Three Things You Must Know About Your Boss

Over the past twenty plus years I’ve coached executives and managers and have presented seminars to them on leadership and performance improvement. I’ve learned a lot from them and want to share a few secrets with you.

Here are three things you need to know about your boss that will strengthen your relationship and help you go further in your career.

Your Boss Wants You To Succeed
At the very least, you boss wants you to succeed because their success depends on your success. On the other hand, your failure is their failure and most of them take it personally. If you don’t think your boss cares about your career satisfaction and success, you’re almost certainly mistaken. Know your boss cares and is invested in you and your progress.

Your Boss Needs Your Help To Help You
Make sure your boss knows what you want and need to do a great job; don’t assume they just know. Unless your boss is psychic, speak up and make sure you are heard. Tell them what your goals are (even if they don’t ask) and meet with them at least twice a year to review your goals and progress. Make sure your boss has a written copy of your goals. I bet yours doesn’t!

Do you want more responsibility? Don’t just tell them that; be specific. (What new project do you want to take on and when do you want to start?) Give your boss a written plan of what training or coaching you would like for the next 6-12 months. You do have a plan, don’t you?

Your Boss is Overworked And Overwhelmed Too!
Almost every manager I’ve talked to is in the same boat you are in: too much to do in too little time. And guess what, if you feel you’re not getting enough attention or support, it’s a safe bet your boss isn’t either! Yes, things need to change in your workplace and you want more than you’re getting. The best way to get more from your boss is to be solution oriented in your requests; the worst way is to complain.

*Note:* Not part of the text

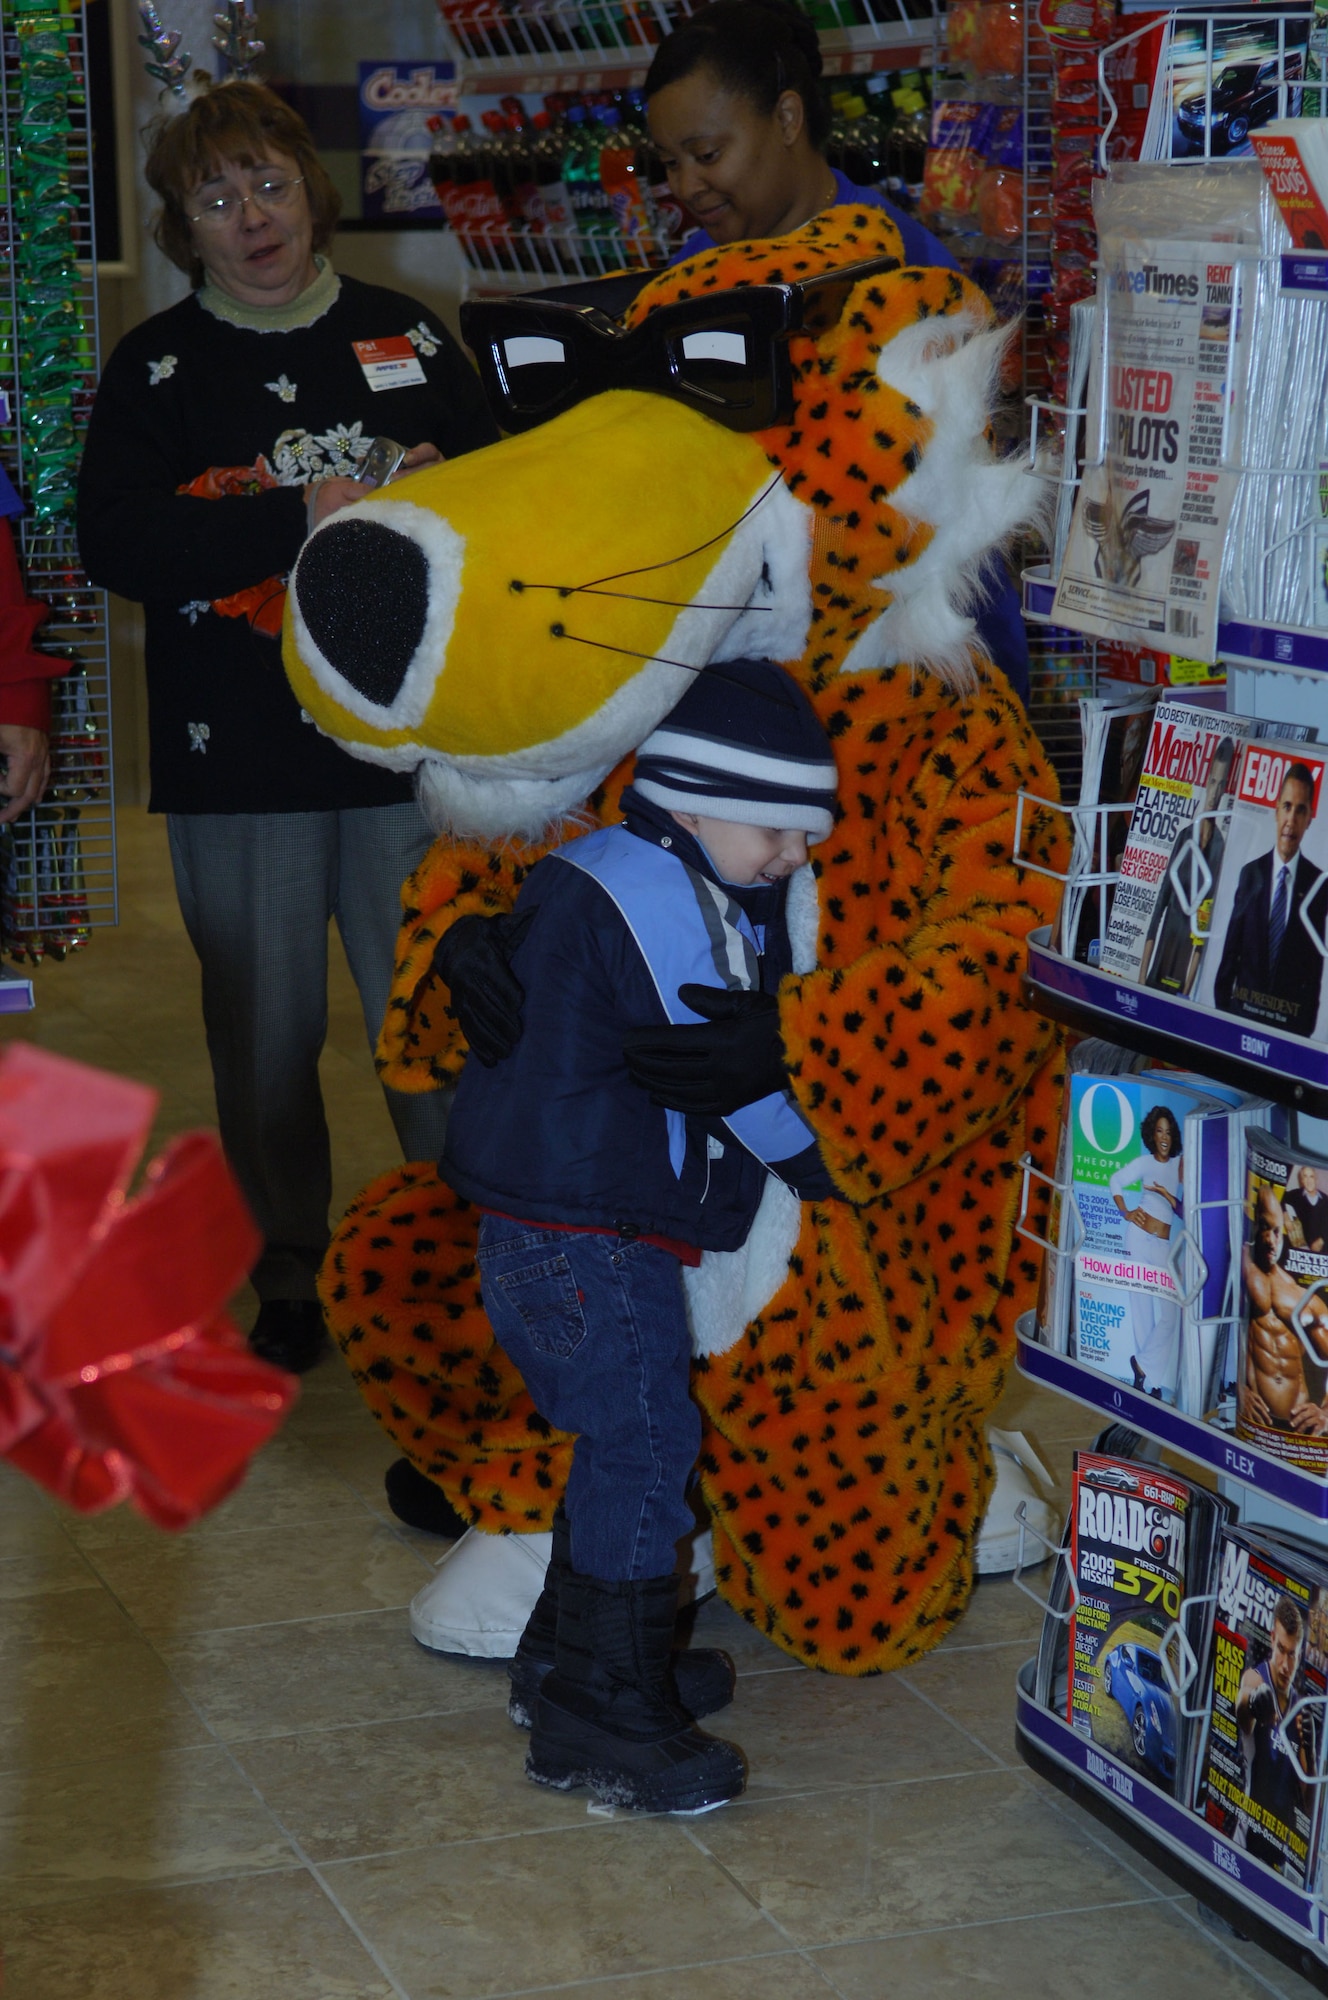 MINOT AIR FORCE BASE, N.D. -- Toby Wools, son of Tech. Sgt. Dusty Wools, 5th Maintenance Squadron, hugs Chester Cheetah at the grand opening of the new base shoppette here Dec. 19. The new, state-of-the-art $17 million facility is more than 19, 000 square feet and includes 24-hour operation, a replacement of the existing Army and Air Force Exchange Service service station and an AAFES-operated car wash. (U.S. Air Force photo by Senior Airman Cassandra Jones)

Be persistent if you have to, but be positive and gracious in your communication. Your boss is being pulled in two different directions; from above and below. Imagine what that feels like. Make it easy on your boss to support you and grant your requests and they will be more likely to step off their management treadmill and help you.

Bottom line? Step into your boss’s shoes. You’ll discover their job is more difficult than you thought. And hopefully you’ll see your job is to make their job easier so they will see you as an asset and someone to recognize, promote and reward.